WORK INSTRUCTION: Report only how many lines in the material contain "Navy".

PROVIDED DATA:
*****
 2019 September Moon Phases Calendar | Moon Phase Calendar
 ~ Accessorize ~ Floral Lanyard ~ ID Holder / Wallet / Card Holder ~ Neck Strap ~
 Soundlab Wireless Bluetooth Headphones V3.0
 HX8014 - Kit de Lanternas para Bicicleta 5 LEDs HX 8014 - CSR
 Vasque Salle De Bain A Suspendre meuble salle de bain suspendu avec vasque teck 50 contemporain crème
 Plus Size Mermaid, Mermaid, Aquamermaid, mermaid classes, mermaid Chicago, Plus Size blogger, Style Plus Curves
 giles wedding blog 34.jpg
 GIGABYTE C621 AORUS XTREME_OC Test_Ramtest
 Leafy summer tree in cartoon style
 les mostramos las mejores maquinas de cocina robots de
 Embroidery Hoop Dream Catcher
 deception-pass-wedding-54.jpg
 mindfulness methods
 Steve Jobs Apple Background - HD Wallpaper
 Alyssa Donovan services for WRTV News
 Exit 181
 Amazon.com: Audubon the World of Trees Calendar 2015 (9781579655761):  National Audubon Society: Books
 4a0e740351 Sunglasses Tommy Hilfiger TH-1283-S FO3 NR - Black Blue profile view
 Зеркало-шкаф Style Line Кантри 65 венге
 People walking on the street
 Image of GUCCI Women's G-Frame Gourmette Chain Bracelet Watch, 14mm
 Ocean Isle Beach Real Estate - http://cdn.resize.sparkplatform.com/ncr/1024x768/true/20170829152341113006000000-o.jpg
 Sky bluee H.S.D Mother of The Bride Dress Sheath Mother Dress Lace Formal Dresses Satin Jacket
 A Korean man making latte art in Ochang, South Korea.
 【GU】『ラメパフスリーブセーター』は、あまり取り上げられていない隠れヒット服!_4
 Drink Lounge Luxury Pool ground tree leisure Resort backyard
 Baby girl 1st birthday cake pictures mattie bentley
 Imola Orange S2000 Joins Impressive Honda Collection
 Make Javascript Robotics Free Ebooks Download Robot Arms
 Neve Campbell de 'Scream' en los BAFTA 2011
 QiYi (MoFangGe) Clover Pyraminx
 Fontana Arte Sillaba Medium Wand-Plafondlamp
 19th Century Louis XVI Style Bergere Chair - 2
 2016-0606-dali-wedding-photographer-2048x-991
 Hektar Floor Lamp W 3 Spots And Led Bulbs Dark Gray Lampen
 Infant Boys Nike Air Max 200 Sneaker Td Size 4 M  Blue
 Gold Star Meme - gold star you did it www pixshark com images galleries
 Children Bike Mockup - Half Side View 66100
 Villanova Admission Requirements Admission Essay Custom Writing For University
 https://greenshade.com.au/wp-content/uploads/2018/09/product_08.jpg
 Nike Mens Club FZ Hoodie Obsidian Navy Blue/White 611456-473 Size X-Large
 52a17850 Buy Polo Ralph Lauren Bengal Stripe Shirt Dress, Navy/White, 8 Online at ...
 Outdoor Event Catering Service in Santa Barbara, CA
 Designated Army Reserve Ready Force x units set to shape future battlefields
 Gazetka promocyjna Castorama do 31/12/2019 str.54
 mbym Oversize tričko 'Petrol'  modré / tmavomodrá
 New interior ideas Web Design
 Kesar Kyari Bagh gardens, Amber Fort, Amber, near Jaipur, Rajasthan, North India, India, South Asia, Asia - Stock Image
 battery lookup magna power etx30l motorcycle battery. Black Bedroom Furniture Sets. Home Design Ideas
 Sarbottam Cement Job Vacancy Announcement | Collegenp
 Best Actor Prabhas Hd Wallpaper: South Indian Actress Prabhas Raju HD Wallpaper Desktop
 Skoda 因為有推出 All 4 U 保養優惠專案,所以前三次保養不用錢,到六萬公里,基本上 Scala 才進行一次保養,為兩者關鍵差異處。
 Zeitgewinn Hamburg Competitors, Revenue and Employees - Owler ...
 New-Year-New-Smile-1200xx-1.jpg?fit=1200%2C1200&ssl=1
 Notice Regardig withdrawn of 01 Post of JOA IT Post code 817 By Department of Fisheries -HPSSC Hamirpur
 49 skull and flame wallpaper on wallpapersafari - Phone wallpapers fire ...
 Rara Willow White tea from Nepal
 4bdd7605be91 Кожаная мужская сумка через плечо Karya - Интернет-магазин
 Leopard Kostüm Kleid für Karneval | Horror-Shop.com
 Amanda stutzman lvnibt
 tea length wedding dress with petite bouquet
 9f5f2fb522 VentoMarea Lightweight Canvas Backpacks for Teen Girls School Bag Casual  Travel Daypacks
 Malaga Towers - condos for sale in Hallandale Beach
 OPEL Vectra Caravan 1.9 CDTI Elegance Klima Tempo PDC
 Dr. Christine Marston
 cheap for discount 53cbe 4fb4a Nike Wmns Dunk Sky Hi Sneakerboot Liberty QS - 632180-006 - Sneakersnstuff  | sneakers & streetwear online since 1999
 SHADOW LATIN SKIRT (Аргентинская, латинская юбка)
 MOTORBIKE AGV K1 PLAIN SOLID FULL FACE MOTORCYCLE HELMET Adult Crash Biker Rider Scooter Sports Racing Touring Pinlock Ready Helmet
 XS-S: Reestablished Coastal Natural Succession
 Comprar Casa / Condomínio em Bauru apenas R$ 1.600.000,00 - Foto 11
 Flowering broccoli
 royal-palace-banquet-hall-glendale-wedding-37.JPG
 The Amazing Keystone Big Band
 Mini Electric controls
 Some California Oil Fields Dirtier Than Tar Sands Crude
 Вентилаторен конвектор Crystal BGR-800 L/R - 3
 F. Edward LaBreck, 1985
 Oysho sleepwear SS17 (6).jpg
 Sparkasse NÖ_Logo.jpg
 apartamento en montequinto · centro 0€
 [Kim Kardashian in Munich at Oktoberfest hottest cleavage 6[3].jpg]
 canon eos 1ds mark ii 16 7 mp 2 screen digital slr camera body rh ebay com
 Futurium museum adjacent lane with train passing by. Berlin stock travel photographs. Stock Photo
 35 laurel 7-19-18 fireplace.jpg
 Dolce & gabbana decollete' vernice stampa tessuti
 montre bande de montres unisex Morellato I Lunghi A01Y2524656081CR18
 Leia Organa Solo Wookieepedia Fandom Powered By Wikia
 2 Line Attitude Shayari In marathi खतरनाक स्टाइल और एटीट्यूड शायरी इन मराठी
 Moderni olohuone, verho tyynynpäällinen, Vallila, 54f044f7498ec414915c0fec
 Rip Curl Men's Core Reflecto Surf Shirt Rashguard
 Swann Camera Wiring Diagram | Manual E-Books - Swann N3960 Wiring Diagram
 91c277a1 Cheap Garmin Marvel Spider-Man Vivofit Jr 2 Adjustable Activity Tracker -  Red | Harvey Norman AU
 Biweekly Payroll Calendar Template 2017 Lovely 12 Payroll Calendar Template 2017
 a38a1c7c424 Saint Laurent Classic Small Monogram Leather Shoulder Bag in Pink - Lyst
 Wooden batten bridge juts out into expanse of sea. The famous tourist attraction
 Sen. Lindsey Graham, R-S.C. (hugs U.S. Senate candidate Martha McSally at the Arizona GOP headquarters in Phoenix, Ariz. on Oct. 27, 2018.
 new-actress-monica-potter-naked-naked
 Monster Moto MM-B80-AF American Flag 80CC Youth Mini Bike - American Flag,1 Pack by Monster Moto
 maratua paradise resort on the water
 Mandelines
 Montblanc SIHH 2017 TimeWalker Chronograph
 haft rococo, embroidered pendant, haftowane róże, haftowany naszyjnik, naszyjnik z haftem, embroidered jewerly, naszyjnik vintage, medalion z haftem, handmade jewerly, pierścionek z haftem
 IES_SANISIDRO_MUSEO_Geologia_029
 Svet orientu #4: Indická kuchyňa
*****
WRITTEN SOLUTION: 2